[TASK OBJECTIVE] Your answer must consist of exactly the lines below, starting with the line with "French Cherrywood Dining" and going on through the line with "Shamita Shetty in", and nothing else.

Start of INPUT MATERIAL

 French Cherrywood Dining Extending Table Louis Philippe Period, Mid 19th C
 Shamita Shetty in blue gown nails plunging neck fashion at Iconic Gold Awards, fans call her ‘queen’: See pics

End of INPUT MATERIAL
Start of INPUT MATERIAL

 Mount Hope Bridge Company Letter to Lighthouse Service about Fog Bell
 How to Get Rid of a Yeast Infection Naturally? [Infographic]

End of INPUT MATERIAL
Start of INPUT MATERIAL

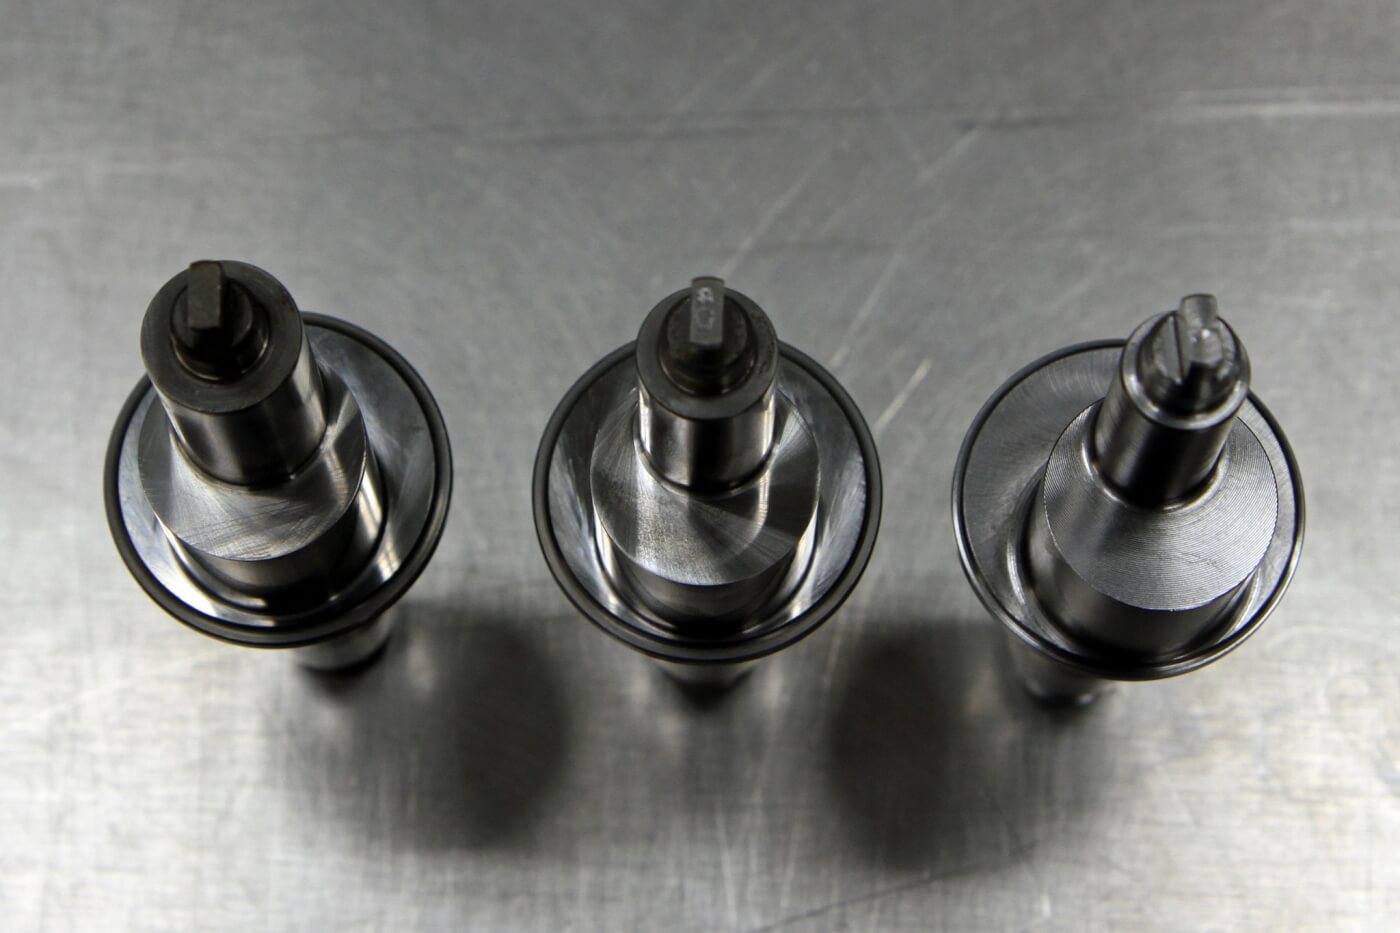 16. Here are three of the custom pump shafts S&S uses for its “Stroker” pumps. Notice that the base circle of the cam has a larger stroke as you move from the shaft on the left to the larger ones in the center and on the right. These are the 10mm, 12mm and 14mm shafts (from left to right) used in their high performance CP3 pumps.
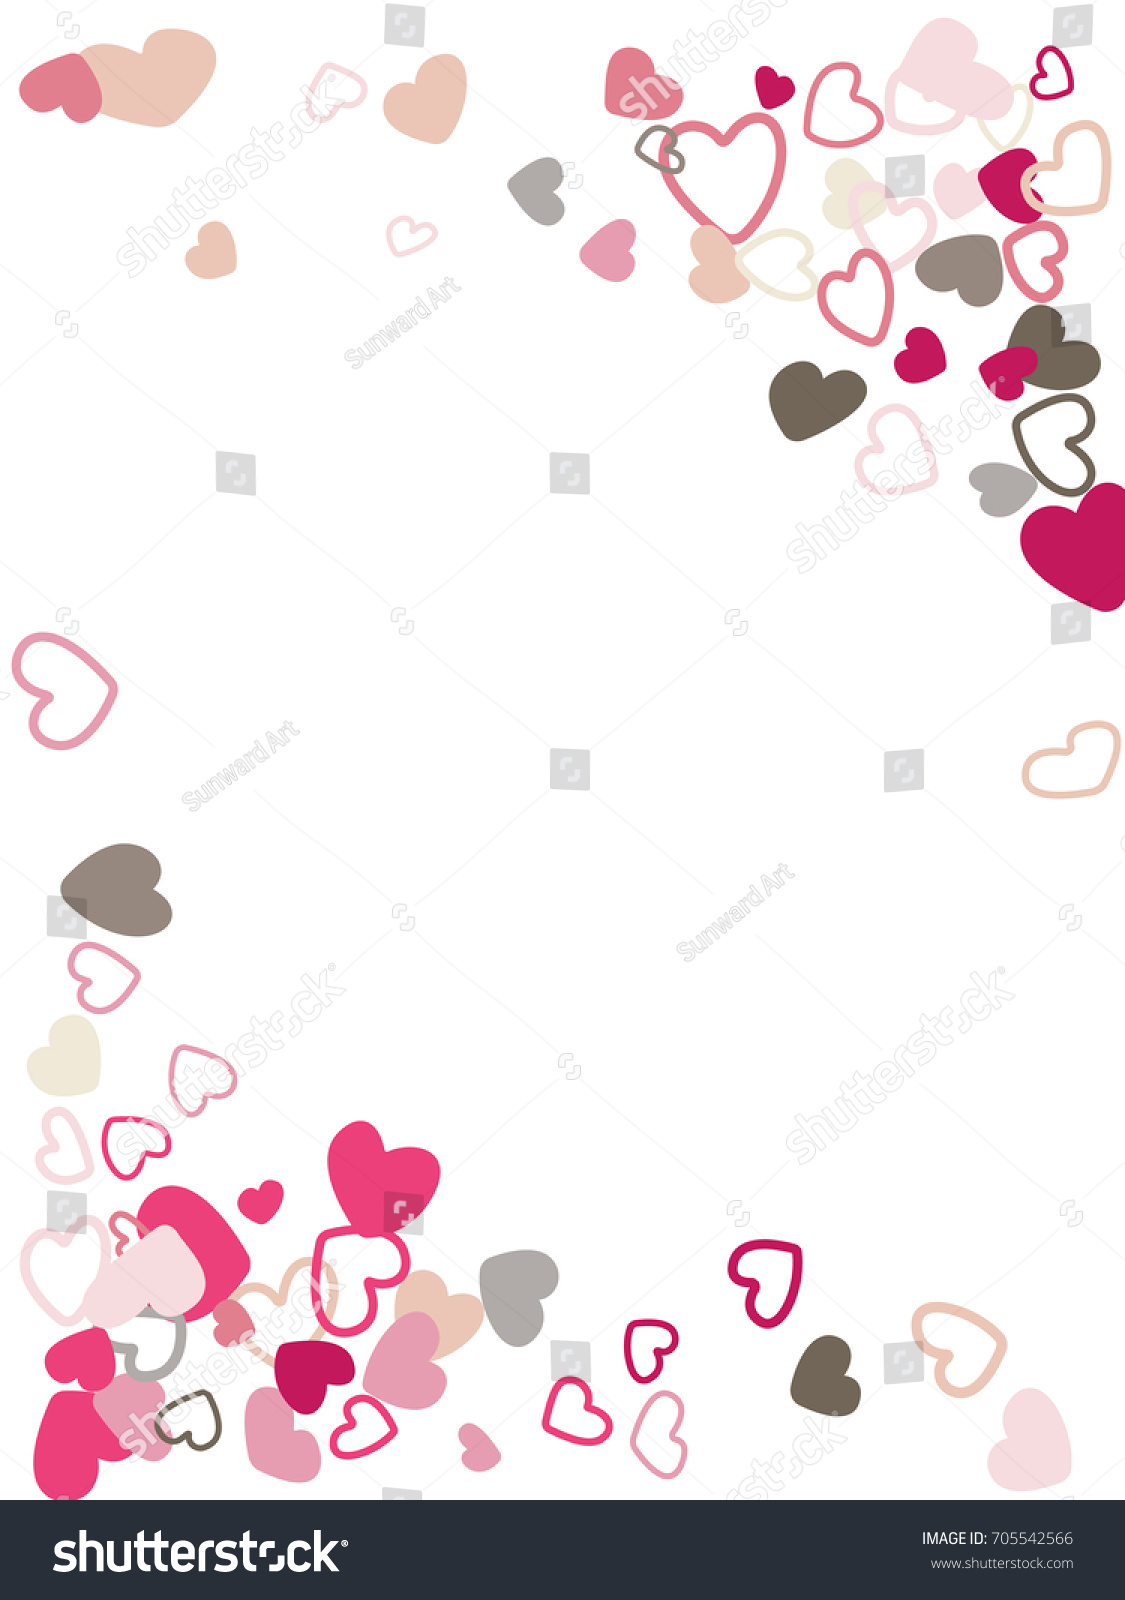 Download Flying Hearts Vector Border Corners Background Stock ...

End of INPUT MATERIAL

[WRITTEN ANSWER]
 French Cherrywood Dining Extending Table Louis Philippe Period, Mid 19th C
 Shamita Shetty in blue gown nails plunging neck fashion at Iconic Gold Awards, fans call her ‘queen’: See pics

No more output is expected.